During the 2010 election, Crossroads GPS spent approximately $20.8 million on federal campaign activities, more than half of what it spent in total that cycle. This led the Federal Election Commission General Counsel to conclude that Crossroads GPS’ major purpose in 2010 was federal campaign activity, even though a gridlocked FEC ultimately split 3-3 on whether to pursue an enforcement action.

Crossroads GPS then spent at least $71 million on political expenditures in the 2012 elections, making it the top secret money spender during that cycle. Aside from the presidential race, a significant amount of Crossroads GPS’ election-related spending – over $30 million –  targeted Senate candidates in some of the 2012 presidential battleground states, including Virginia, Nevada, Ohio, Wisconsin, and Indiana.

Who funded all of its attack ads? Only Crossroads GPS officials, the IRS, the funders themselves, and perhaps the politicians who benefitted from the spending can answer that.
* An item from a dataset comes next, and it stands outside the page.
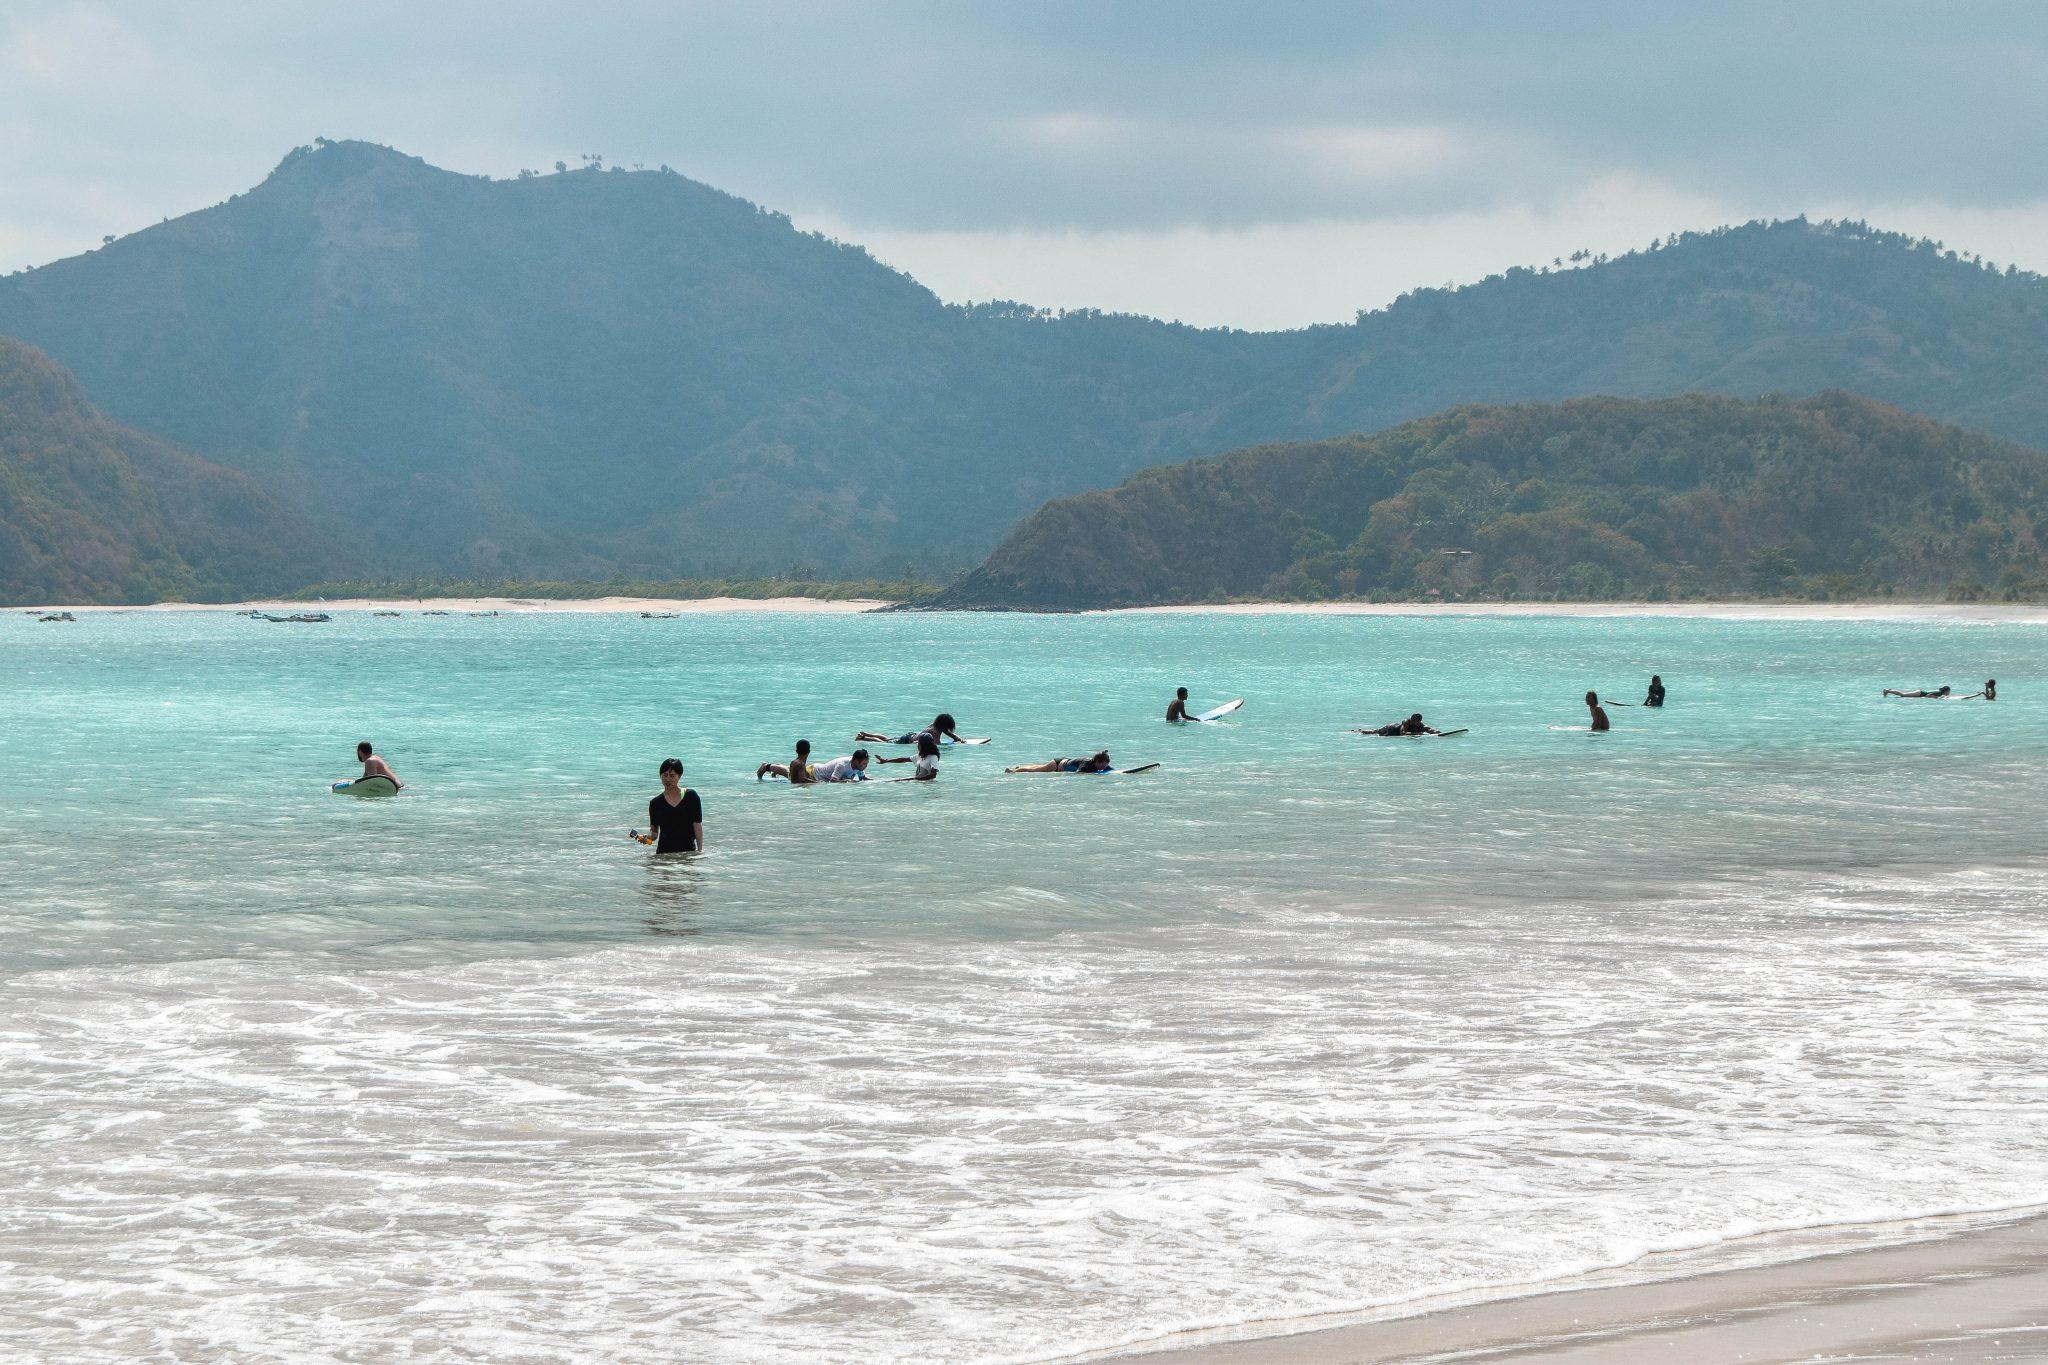 Wanderers & Warriors - Selong Belanak Beach Lombok Surfing Things To Do In Kuta Lombok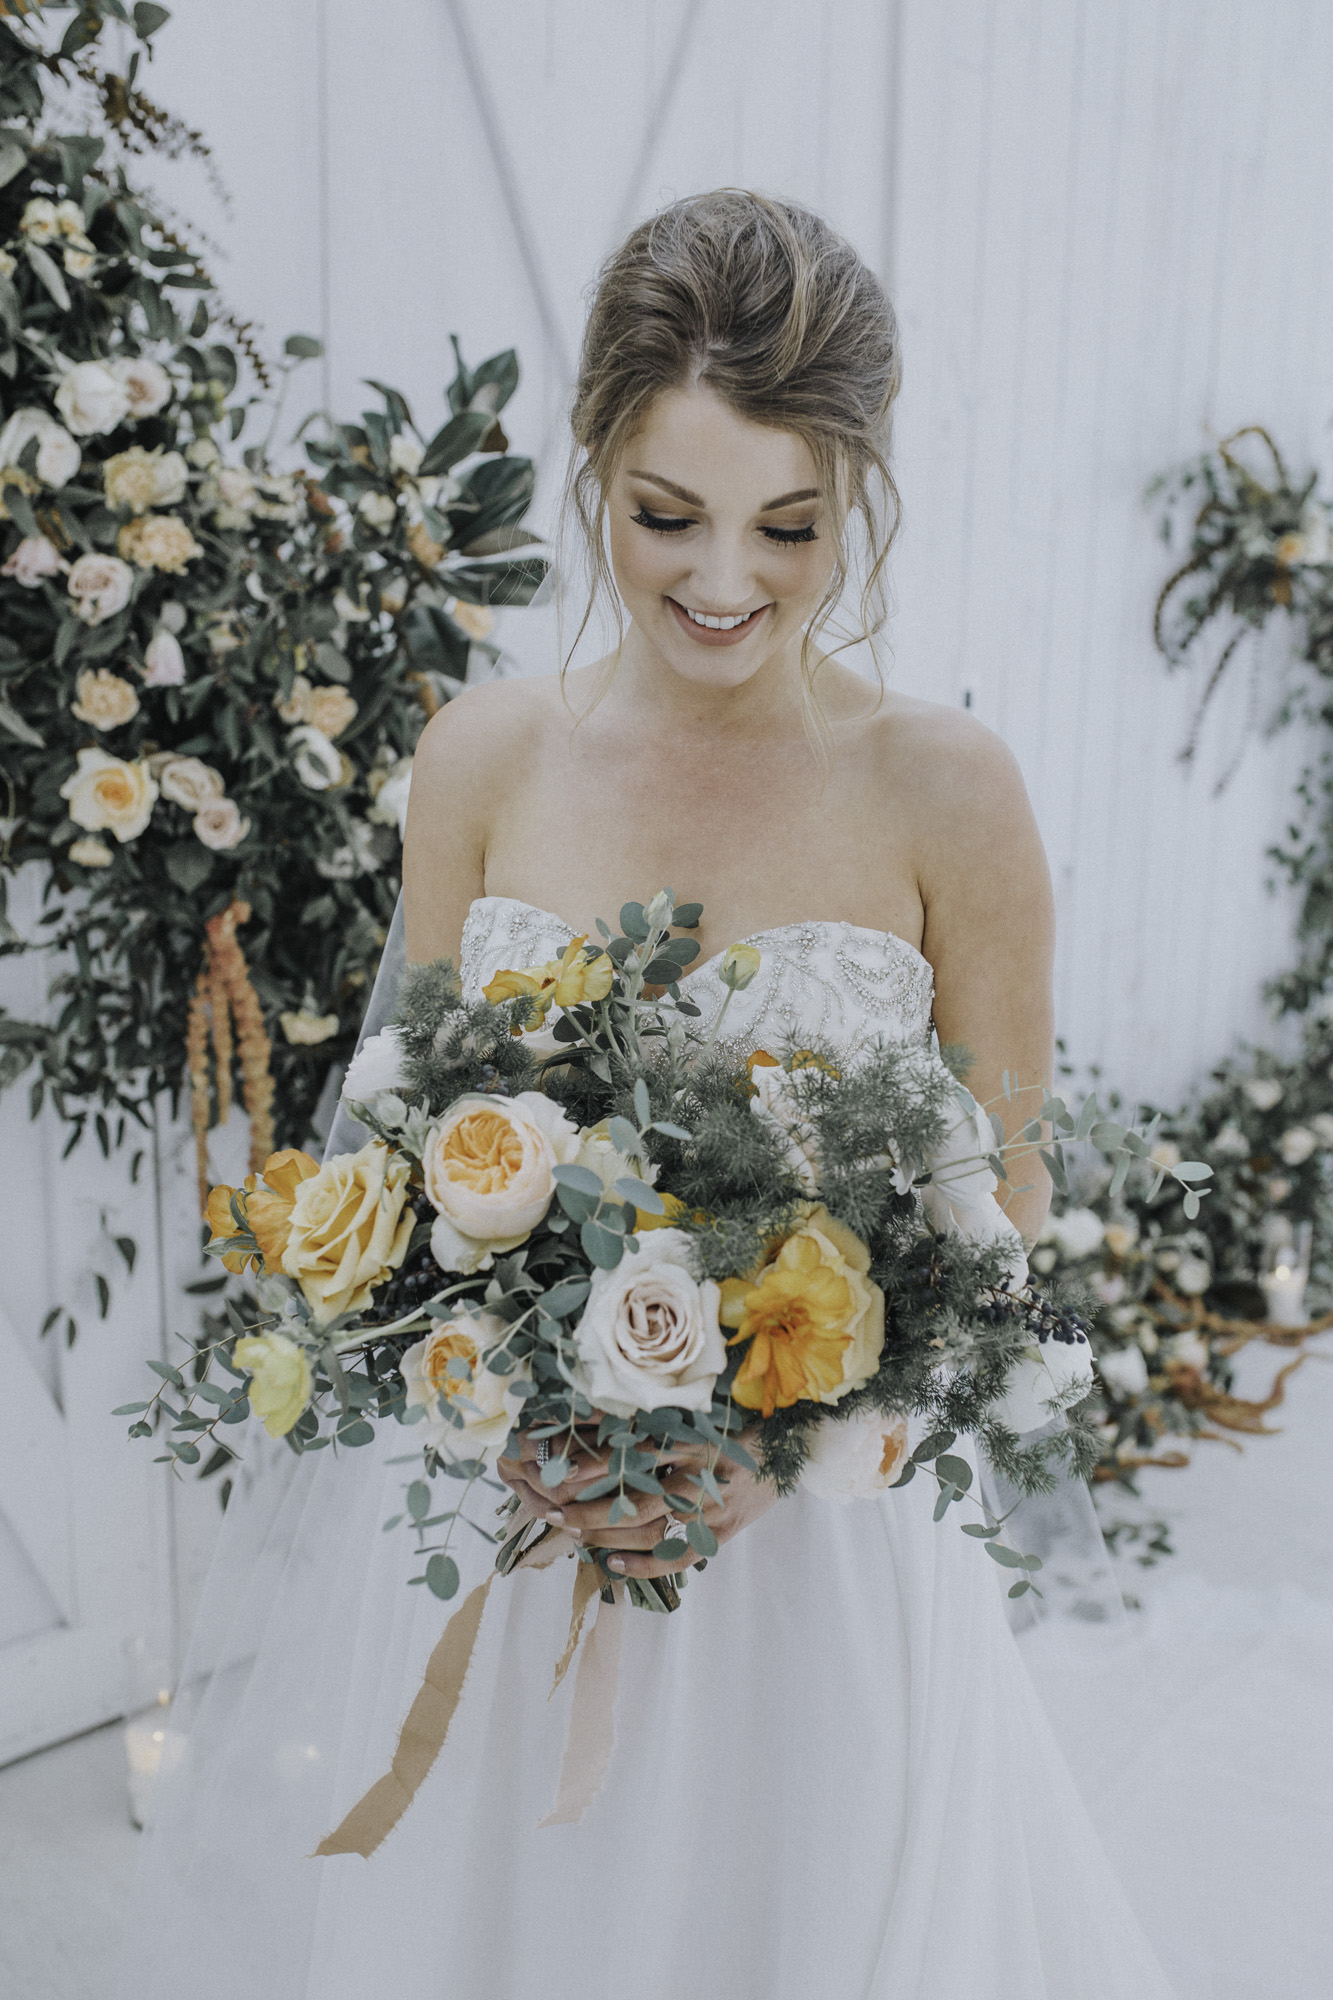 Cate_Ann_Photography_Dayton_Ohio_Wedding_Elopement_And_Engagement_PhotographerIMG_7936.jpg

In its 2012 Form 990, filed with the IRS, Crossroads GPS reported one single anonymous donation of $22.5 million; another for $18 million; another for $10 million; and many other seven-figure contributions. Americans deserve to know who was making investments of this magnitude in political races and their eventual outcome.

Mr. Rove himself boasted about how much Crossroads GPS spent boosting President Obama’s opponent, Gov. Mitt Romney. In an op-ed published in the Wall Street Journal during the 2012 campaign, Mr. Rove said that the Romney campaign had spent less than outside groups, “with $107.4 million more in ads attacking Mr. Obama’s policies or boosting Mr. Romney coming from outside groups (with Crossroads GPS, a group I helped found, providing over half).”

Its founders created Crossroads GPS to serve as the secret money corollary to American Crossroads. In post-election remarks at the Annenberg Public Policy Center in 2010, the political director of American Crossroads – Crossroads GPS’ sister Super PAC organization – put it bluntly. “[D]isclosure was very important for us, which is why the 527 [American Crossroads] was created. But some donors didn’t want to be disclosed, and therefore, a (c)(4) [Crossroads GPS] was created. … Whether they [donors] would have – whether they would have given ultimately or not, I don’t know. I know they [donors] were more comfortable giving to a (c)(4). And so we created one.”

Still, the IRS has done little to hold Crossroads GPS accountable, despite reams of evidence that its overriding purpose appears to be to provide anonymity to donors eager to spend unlimited amounts of money supporting and attacking candidates for public office.